• TASK PROMPT:
In the entries that follow, the lines from the one with "Buy Marie Claire" through the one with "跨越千年的历史见证！国家文物局发布《考古中国》重大项目进展" are the ones to write out, exactly and with both ends included. Nothing else should appear.

• AVAILABLE DATA:
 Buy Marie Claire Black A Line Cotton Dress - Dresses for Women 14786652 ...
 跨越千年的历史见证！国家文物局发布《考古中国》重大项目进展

...

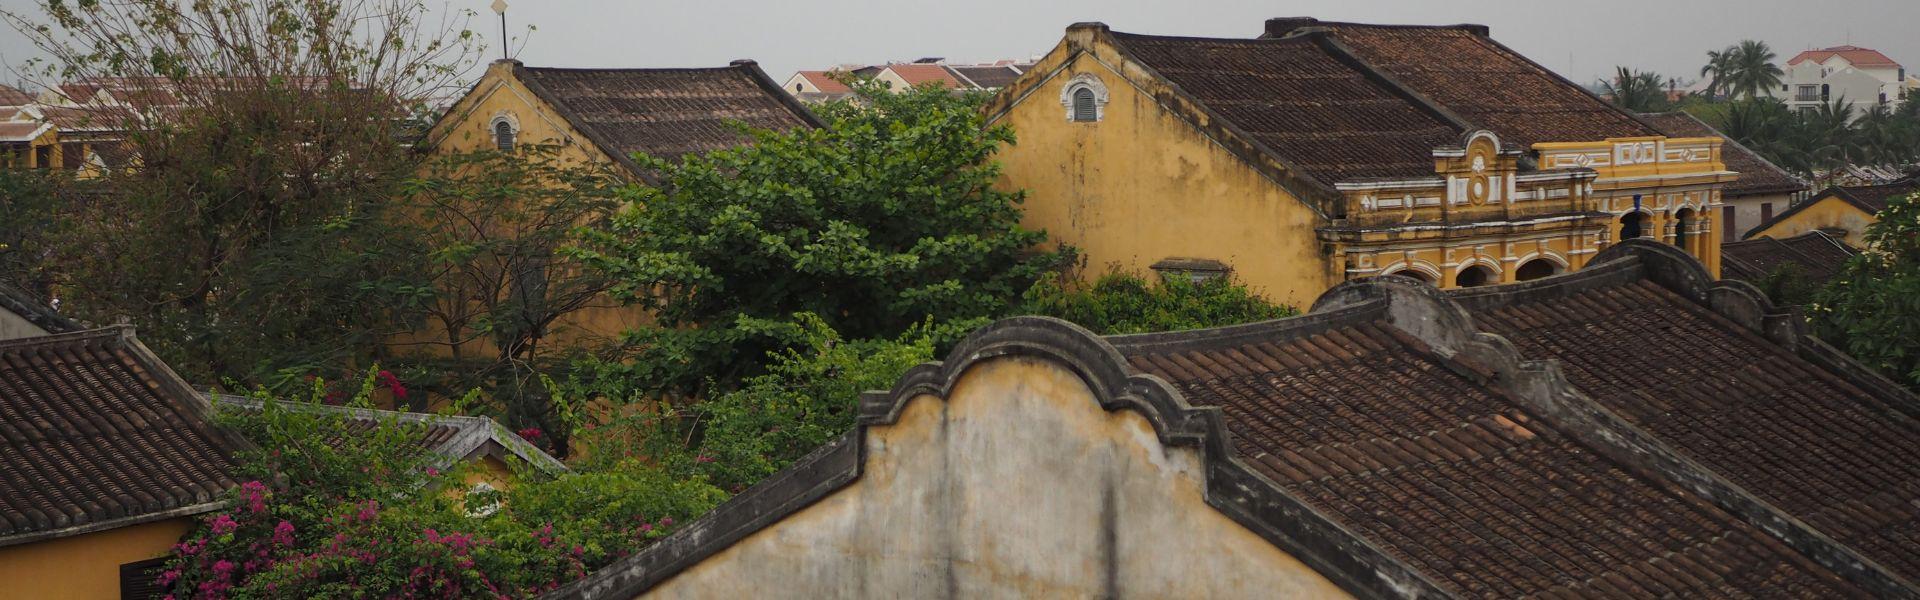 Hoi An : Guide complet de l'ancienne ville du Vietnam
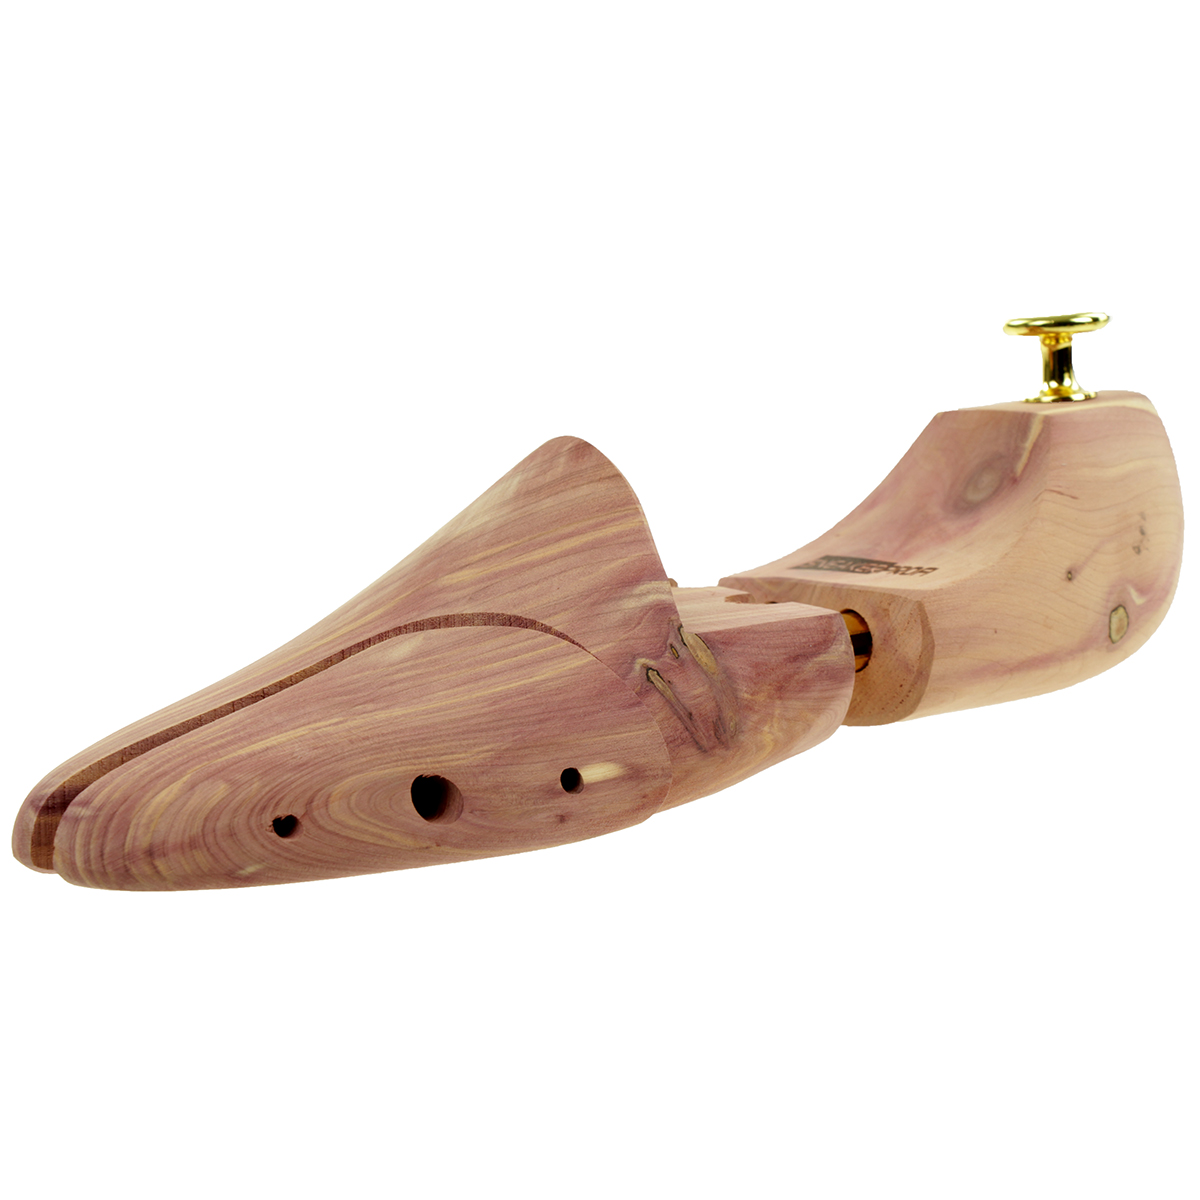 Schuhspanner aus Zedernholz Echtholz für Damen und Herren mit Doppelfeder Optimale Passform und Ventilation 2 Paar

---

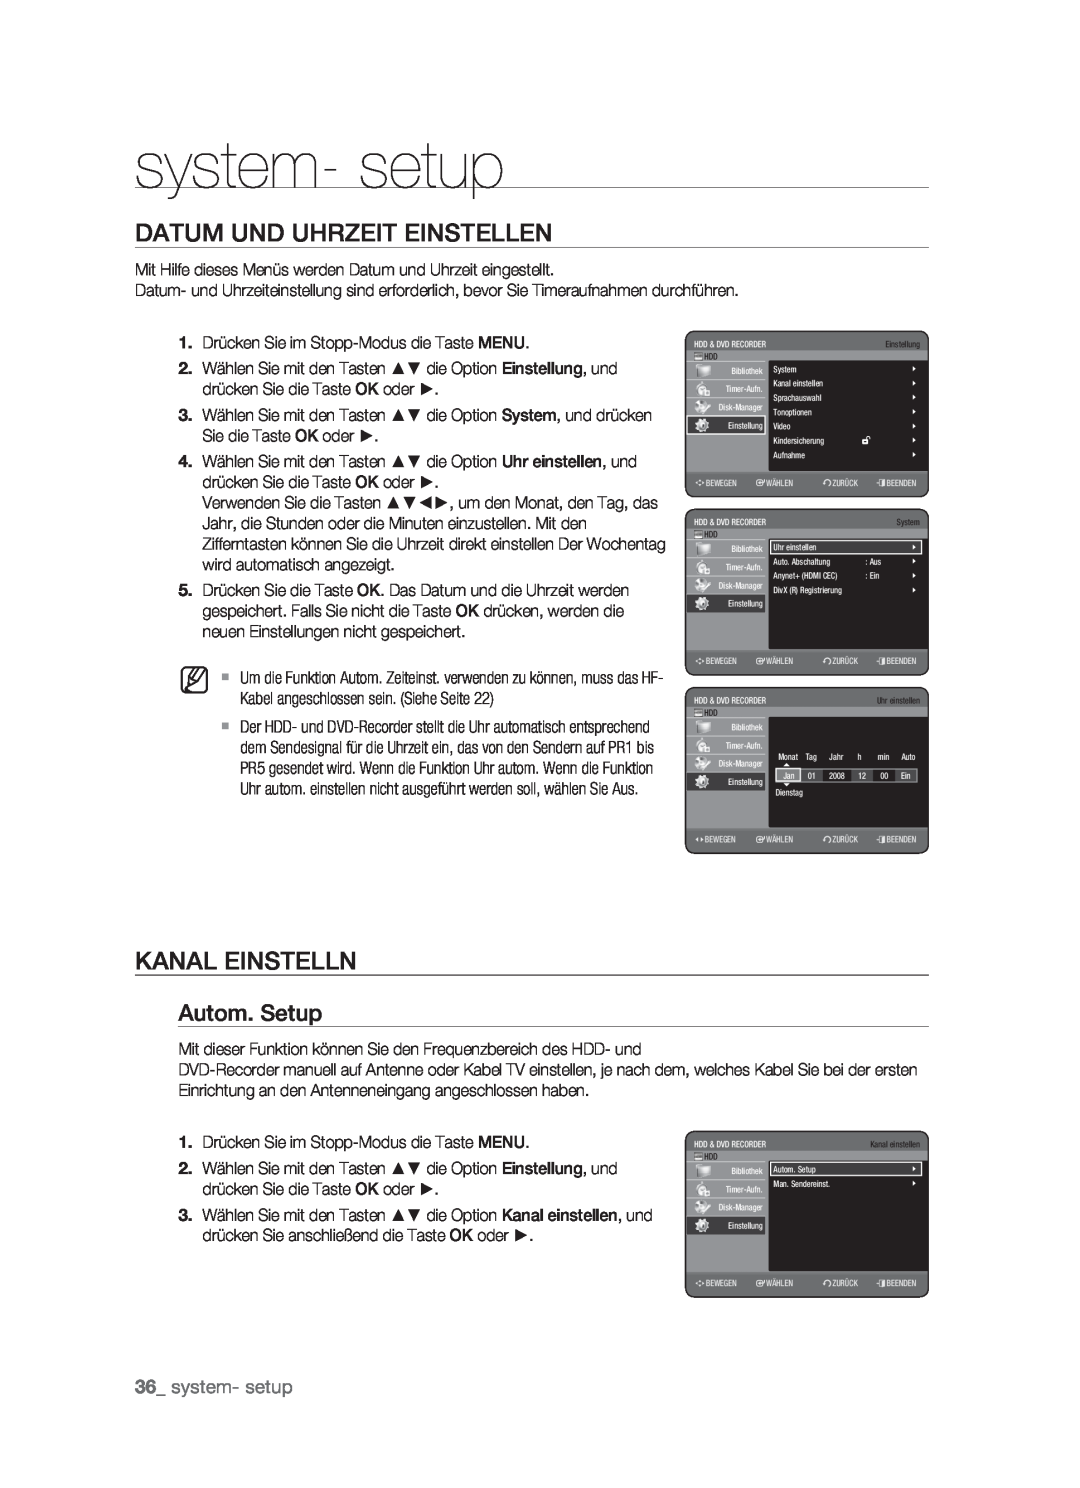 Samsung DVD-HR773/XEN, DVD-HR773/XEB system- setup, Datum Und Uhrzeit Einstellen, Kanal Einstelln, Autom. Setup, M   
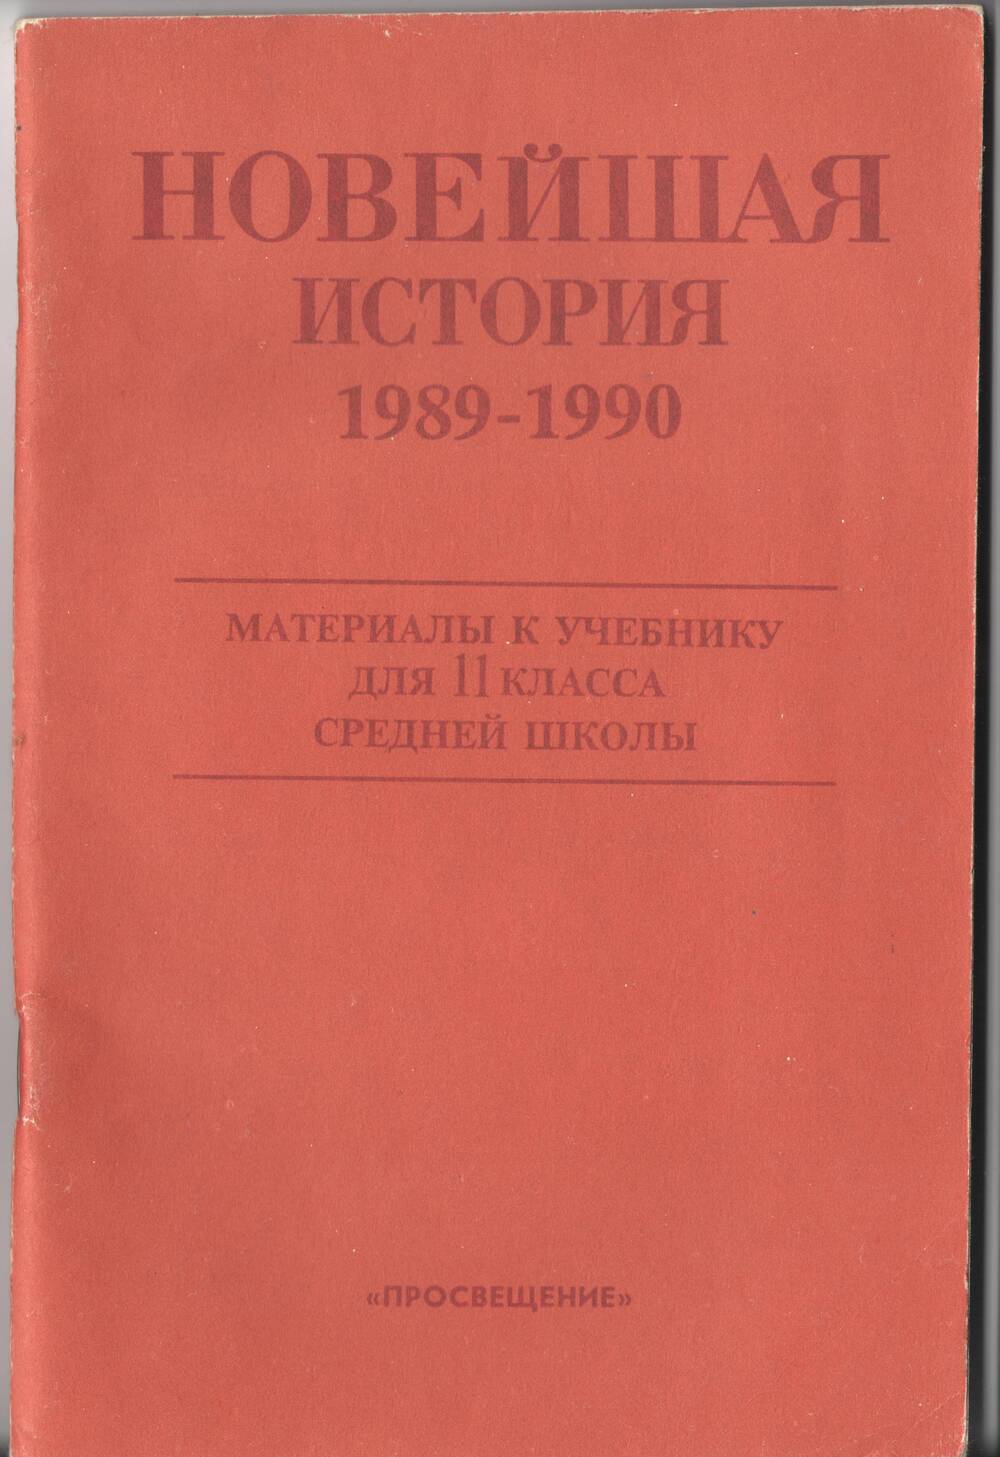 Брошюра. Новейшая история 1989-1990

• EXERCISE RESULT:
 Buy Marie Claire Black A Line Cotton Dress - Dresses for Women 14786652 ...
 跨越千年的历史见证！国家文物局发布《考古中国》重大项目进展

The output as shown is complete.